Pizza and wine seems obvious but most people get it wrong. They grab whatever red they have open and hope for the best. I used to do this too. Then I started actually paying attention and realized there’s more to it.
The Problem With “Red Wine and Pizza”
Pizza is acidic – all that tomato sauce. If your wine doesn’t have enough acidity to match, it tastes flat and flabby. A lot of soft, fruit-forward reds get absolutely murdered by pizza.
Also, pizza toppings vary wildly. Margherita is totally different from pepperoni is totally different from white pizza with clams. There isn’t one wine that works with all pizza.
The Wines I Actually Drink With Pizza
Chianti – the default: Italian wine with Italian food, tomato sauce with Sangiovese. The acidity matches, the earthy notes complement. I probably drink Chianti with pizza more than any other wine. Basic Chianti is fine here – no need to go fancy.
Montepulciano d’Abruzzo: Fruity, rustic, cheap, perfect for pizza. The slight rusticity works with casual food. This is my Friday night regular.
Barbera: High acid Italian red. The brightness cuts through cheese and matches tomato. Barbera d’Asti especially – juicy and fun.
Lambrusco: Fizzy Italian red wine. Sounds weird, works brilliantly. The bubbles cut through fat, the sweetness (slightly off-dry versions) works with tomato. This is a revelation if you haven’t tried it.
Rosé: Unexpected but great, especially with lighter pizzas. A dry Provençal rosé with margherita is legitimately delicious.
By Pizza Type
Margherita: Classic tomato, mozzarella, basil. Chianti or Barbera. You want bright, acidic red or even a nice rosé.
Pepperoni/Sausage: Needs something with more body. Montepulciano, Chianti Classico, or even a lighter Syrah. The meat fat wants a wine with grip.

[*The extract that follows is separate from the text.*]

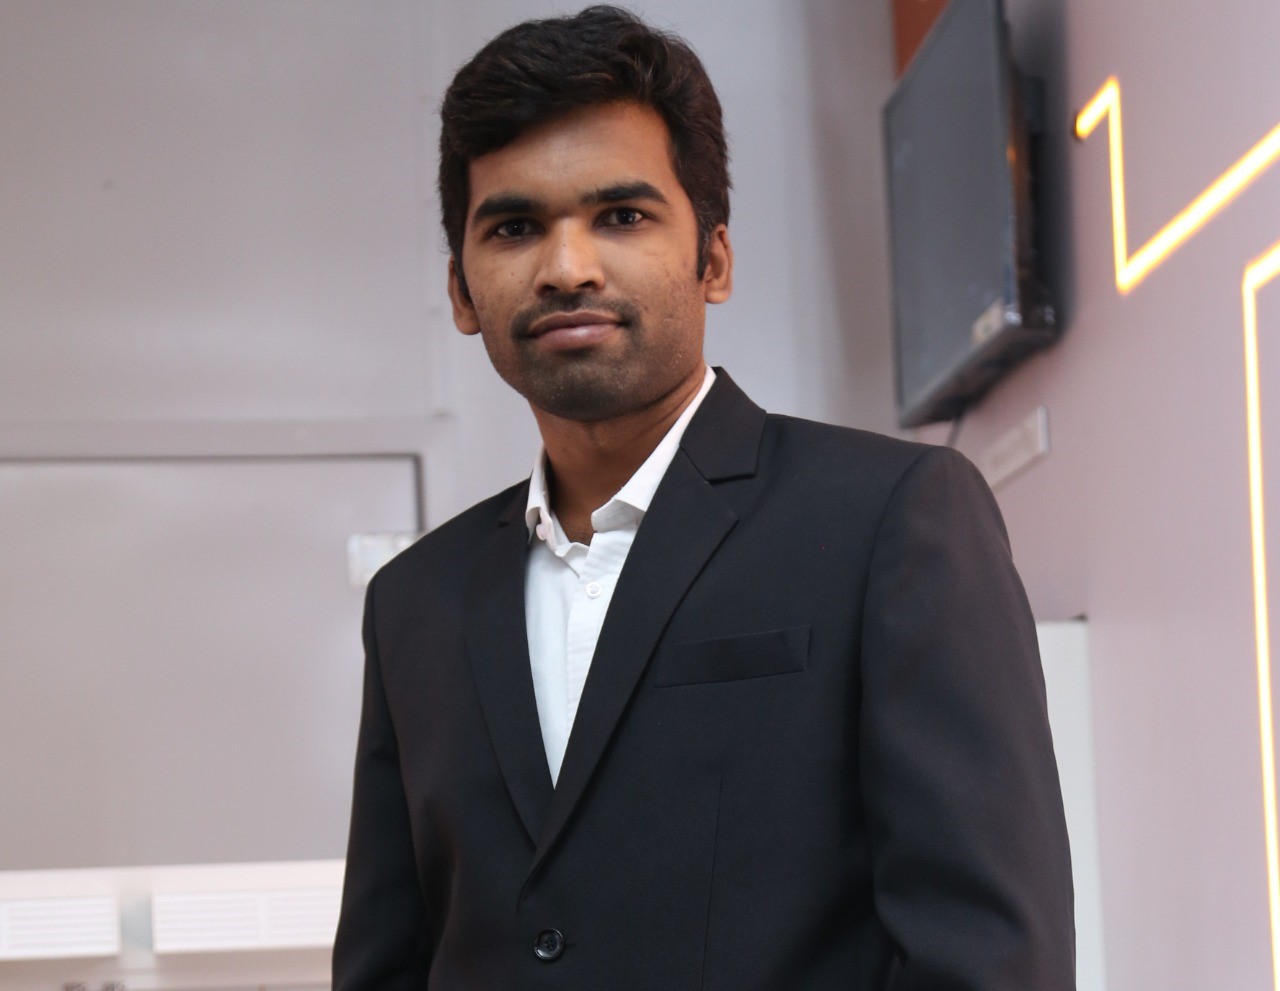 Gundurao MR, <span>Technical Manager & EV specialist, FIMER India</span>

Supreme/Loaded: Too much going on to be precious about pairing. Grab something cheap and Italian. Lambrusco is great here because it handles the chaos.
White pizza (no tomato): Without the acidic tomato base, you can go lighter. Pinot Grigio works. Vermentino. Even a light Chardonnay.
BBQ or specialty: These break the rules anyway. Match to the dominant flavor – sweet BBQ might want a slightly sweet wine, spicy might want something with residual sugar to cool the heat.
What Doesn’t Work
Big, tannic Cabernet. The tannins fight with the tomato acid and everything tastes harsh. Save the Napa Cab for steak.
Very oaky wines. All that barrel flavor clashes with pizza in weird ways. Keep it simple.
Very expensive wine. Pizza is casual food. Opening a special bottle feels wrong somehow. Match the price point to the meal.
My Actual Pizza Night Setup
I keep a few bottles of basic Italian red around specifically for pizza nights. Chianti, Montepulciano, Barbera – whatever was cheap and decent at the store. Usually under fifteen bucks.
Pizza gets ordered. Wine gets opened. Nobody thinks too hard about it. The food is greasy and satisfying, the wine is rustic and unpretentious. Perfect.
Sometimes the best food and wine pairings aren’t sophisticated at all. They’re just right.